From his viewpoint, when we started this conversation in earnest, he just hoped to talk about, to really express what he termed the “prison condition.” I had no goddamn idea what he was talking about when he first said the words. Maybe it was the alcohol, but likely, he’s a lot smarter than me and I just didn’t comprehend his meaning. Deep down, I know I’m only doing him lip service by saying that I get it now. I haven’t experienced it, haven’t lived it 23 hours a day, every day, in an 8×8 cell with another grown human being, or, as it happened more often, in a run with 50 other guys crammed in like sardines. So how the hell can I say I get it? But, that’s the perspective you’ll be reading about, from his point of view. It’s how he experienced it, and along the way you will get some of my opinions and even thoughts of other key people who make up this unique story.

Because in the end, the reason he got through those 6,571 consecutive nights in prison and came out the way he did wasn’t based on the fact that he was physically strong.
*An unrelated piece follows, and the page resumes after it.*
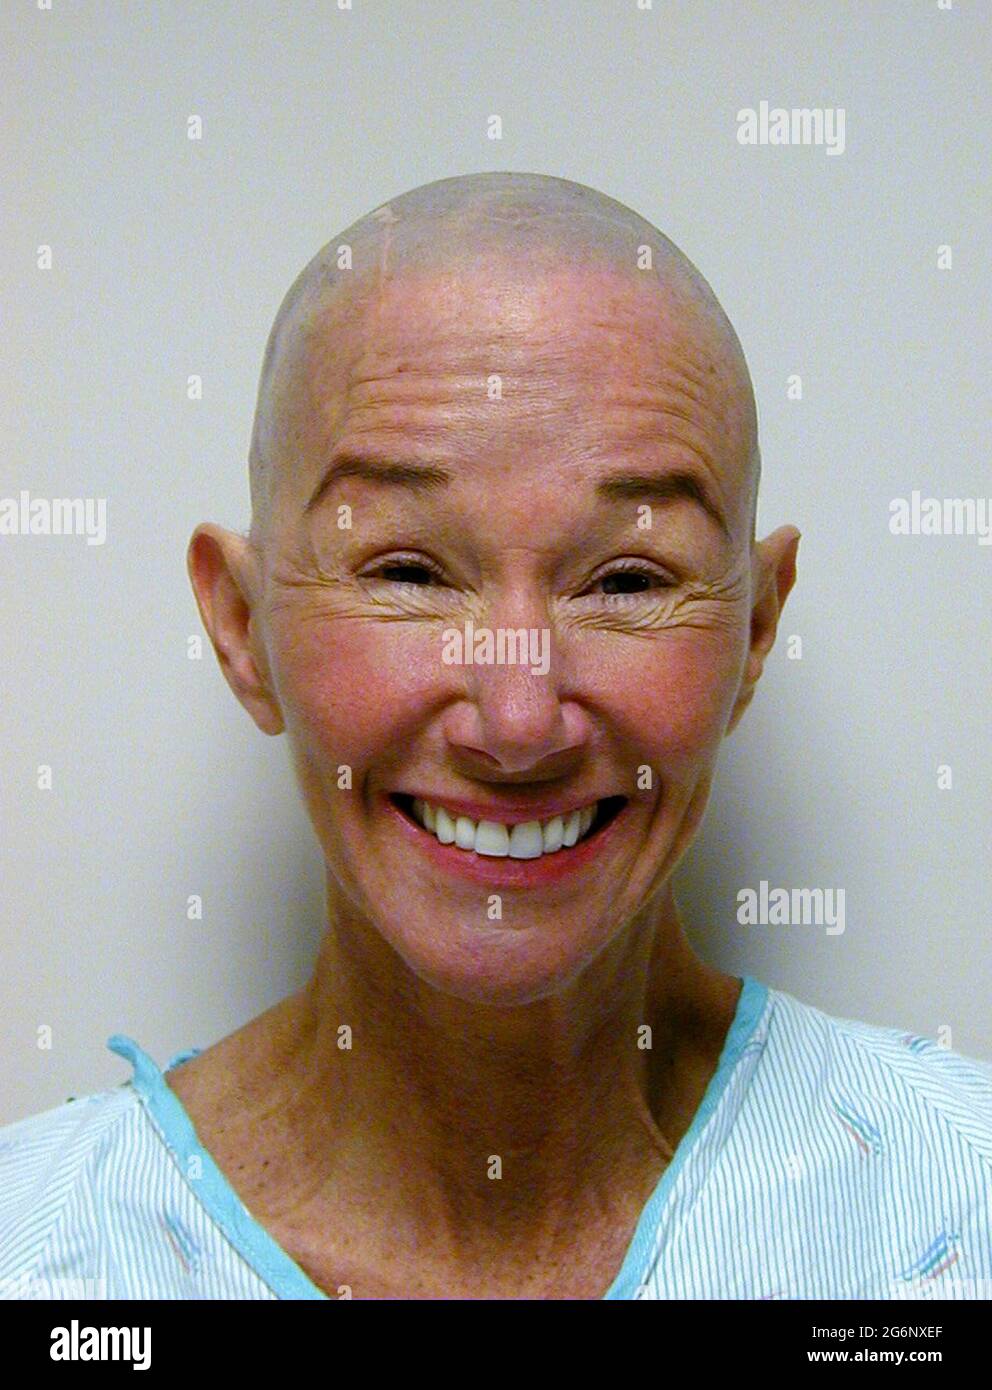 A bald American woman who suffers from epilepsy offers a big smile after her head was shaved in a hospital prior to an operation on her brain. Her hair was totally removed before the surgeon cut into her scalp and skull (cranium) to perform a temporal lobectomy, a surgery that can lower the number of seizures, make them less severe, or even stop them from happening. During this medical procedure, the doctor removes some of the temporal lobe of her brain where most seizures start. (2nd of 7 related images.) Model released. Stock Photo

No, a lot of it was because of who he was, who he is, and how he stayed true to himself throughout the course of it all.

Of course, that was only a part of it. The real reason any of us is who we are is because of who we surround ourselves with. It was the strength of the family he had behind him, helping him every step of the way. And not just the blood relatives, whose support never wavered. It was also because of a ragtag group of peers who formed a true brotherhood that has stood up to the test of time and held stronger to him than the forces that would have liked to see him undone. Together, they made his time feel like a walk in the park.

Almost.

You know, other than the fact that that park was in a prison.